Task brief: All the data below goes into the copy word for word, but the pictures don't.

Dataset excerpt:
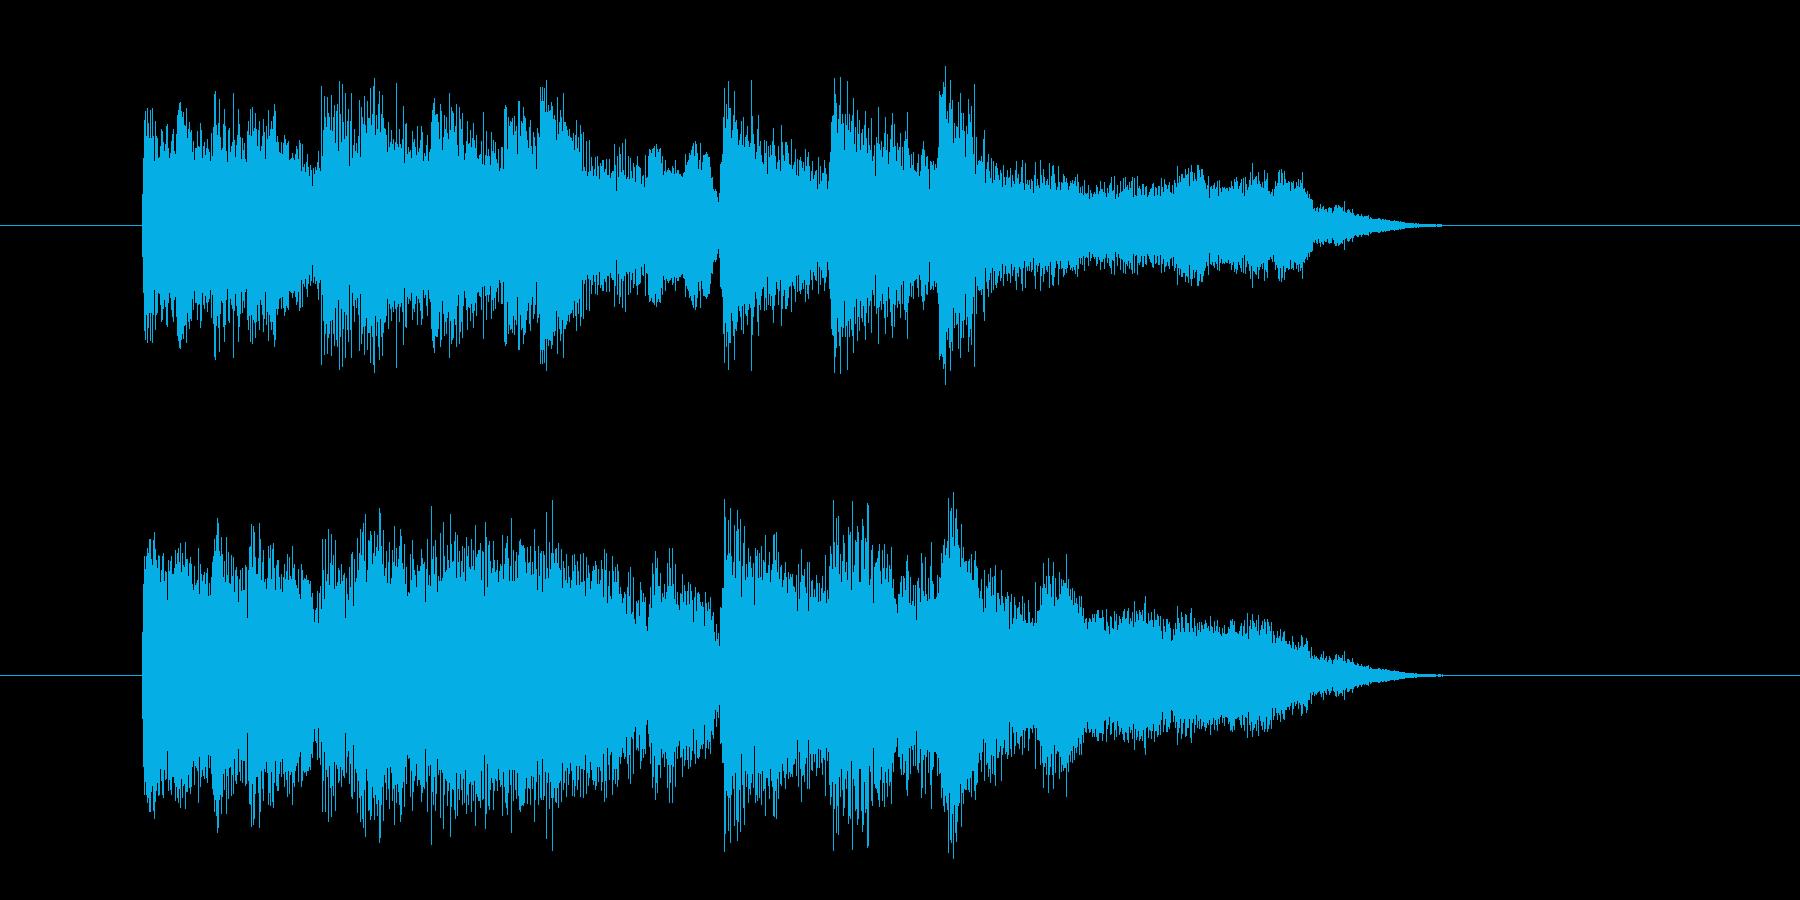 場面転換 穏やか テーマ 青空 上品の再生済みの波形
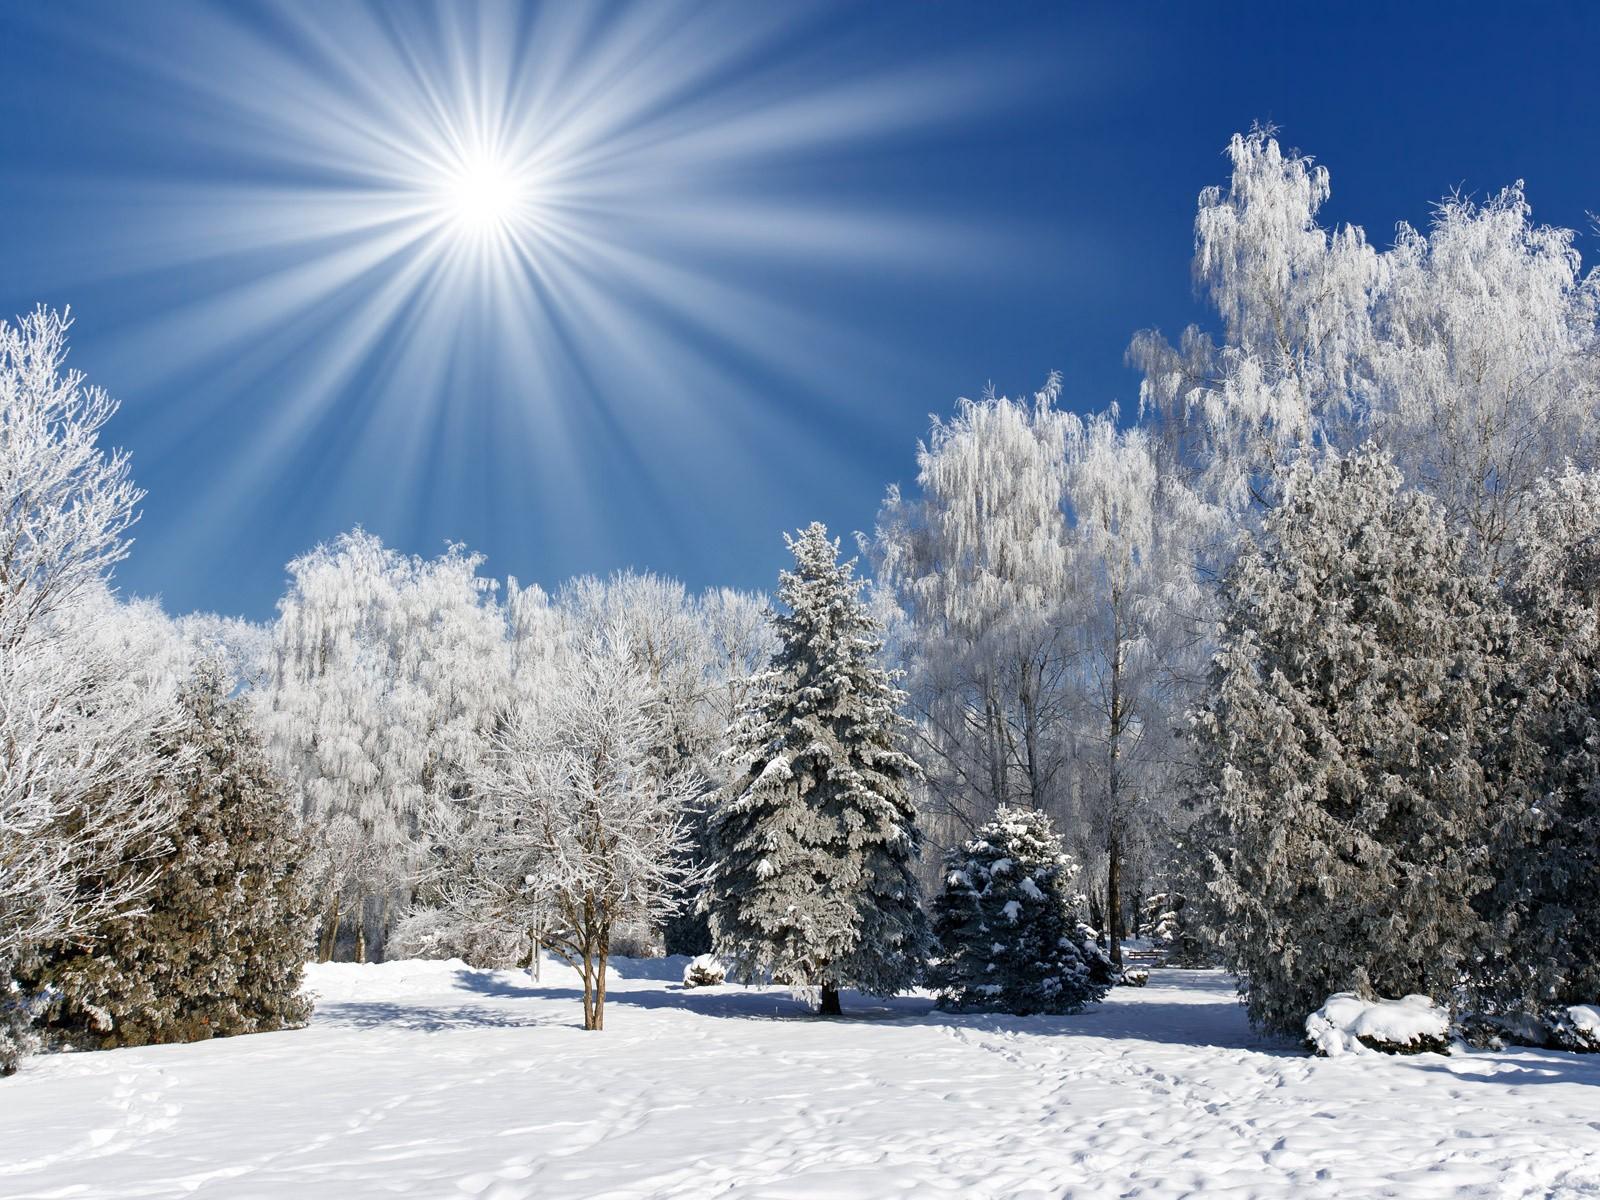 ... wallpapers/Christmas-wallpapers/Christmas-landscape-scene-winter.html
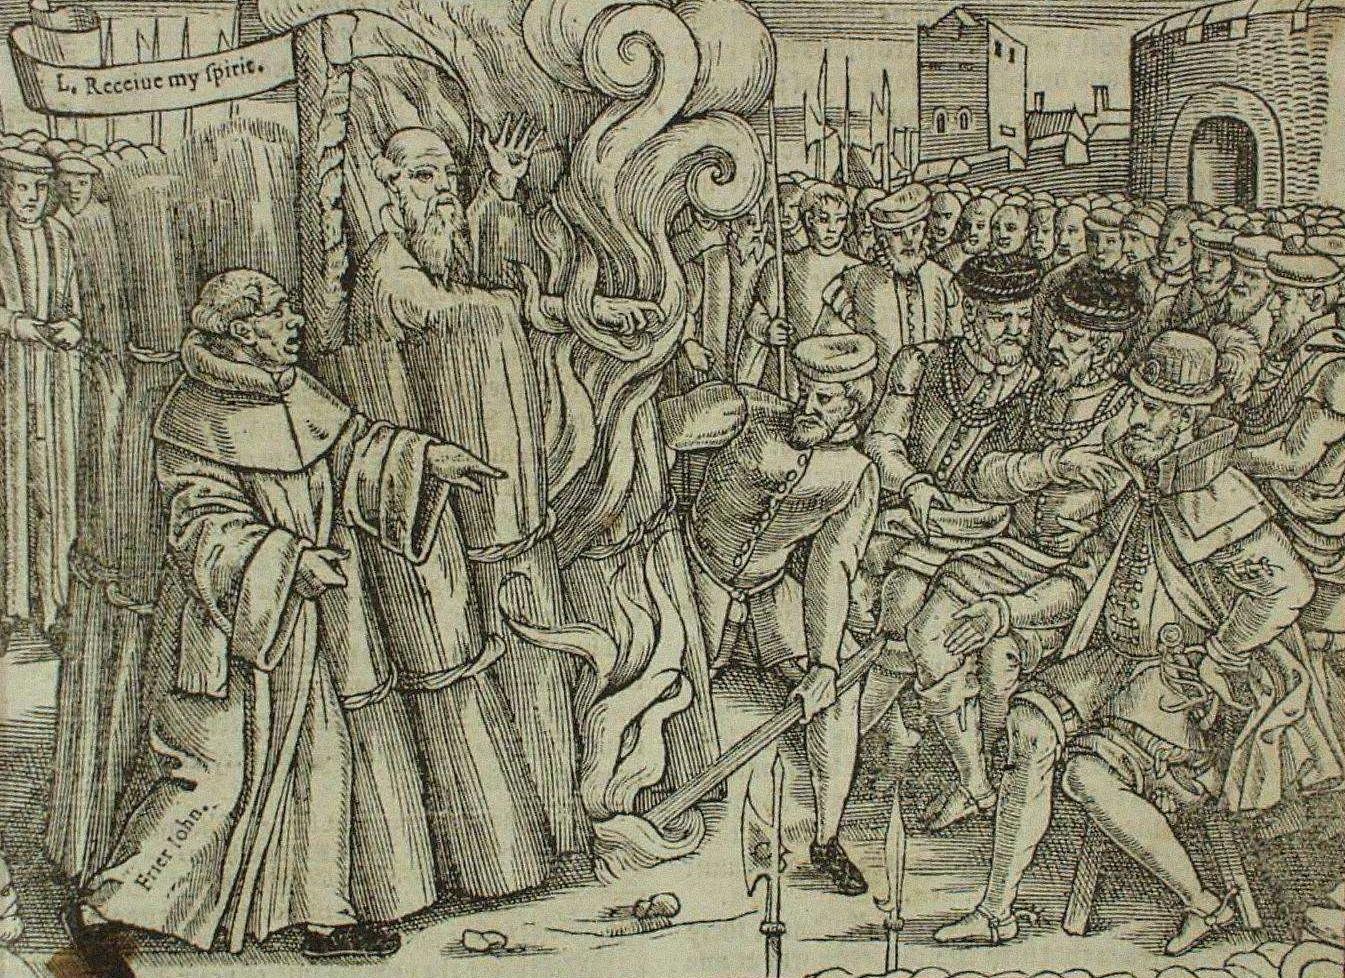 reformation,英国16世纪宗教改革,essay代写,作业代写,代写
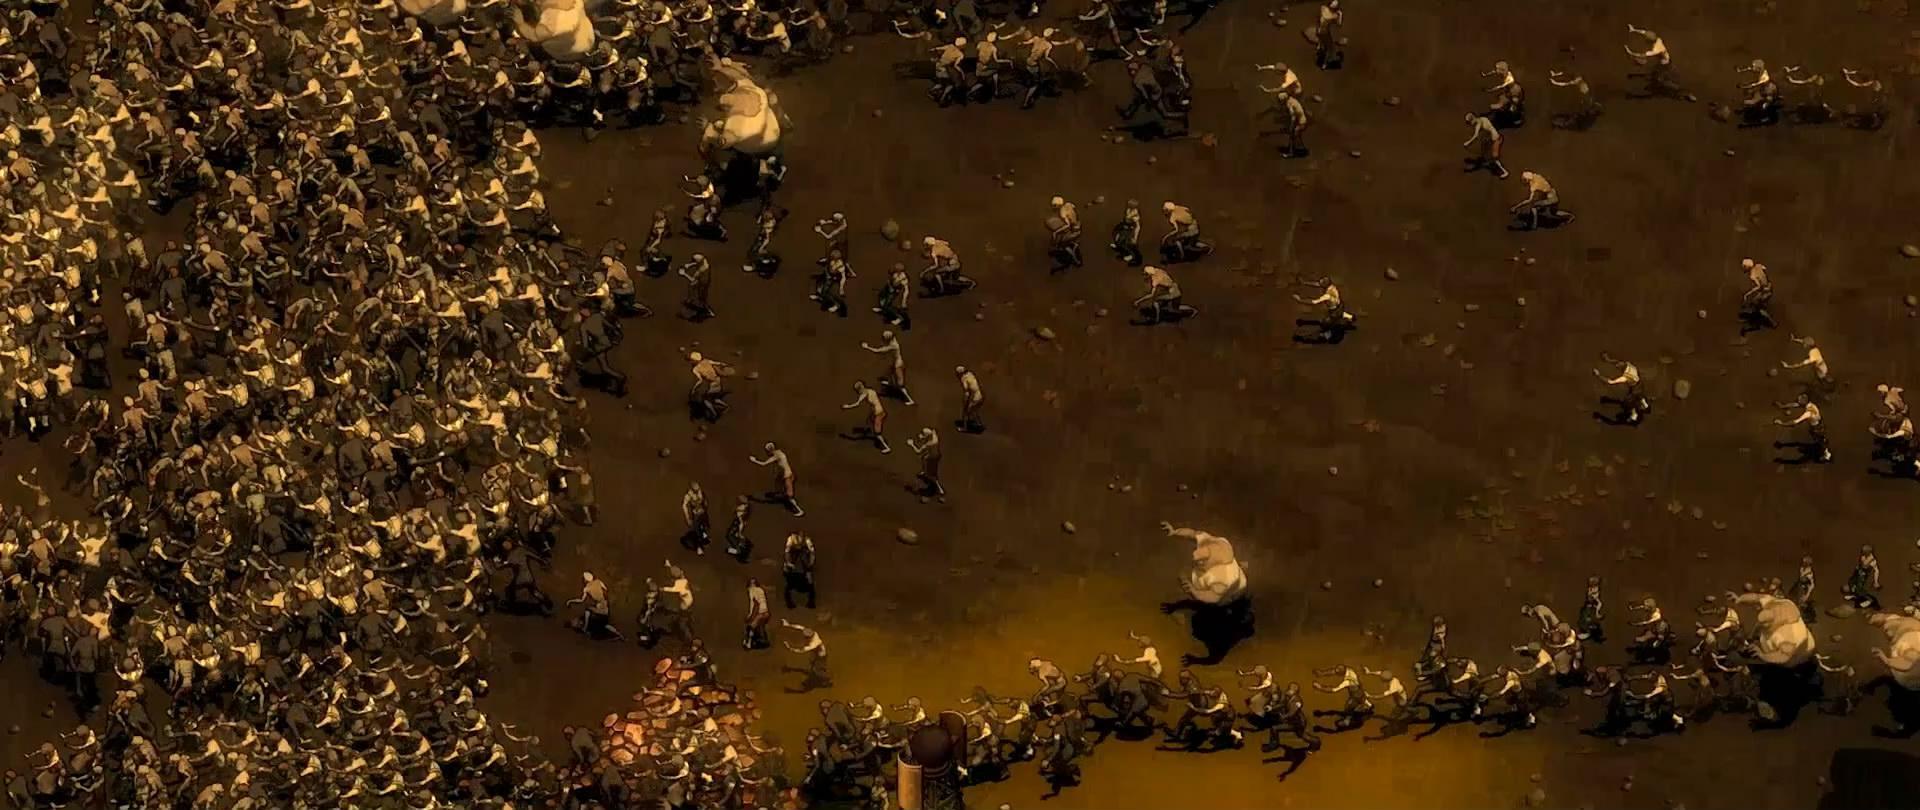 即時戰略遊戲《億萬殭屍》正式版發售 新預告片公佈   電玩01

Solution:
 場面転換 穏やか テーマ 青空 上品の再生済みの波形
 ... wallpapers/Christmas-wallpapers/Christmas-landscape-scene-winter.html
 reformation,英国16世纪宗教改革,essay代写,作业代写,代写
 即時戰略遊戲《億萬殭屍》正式版發售 新預告片公佈   電玩01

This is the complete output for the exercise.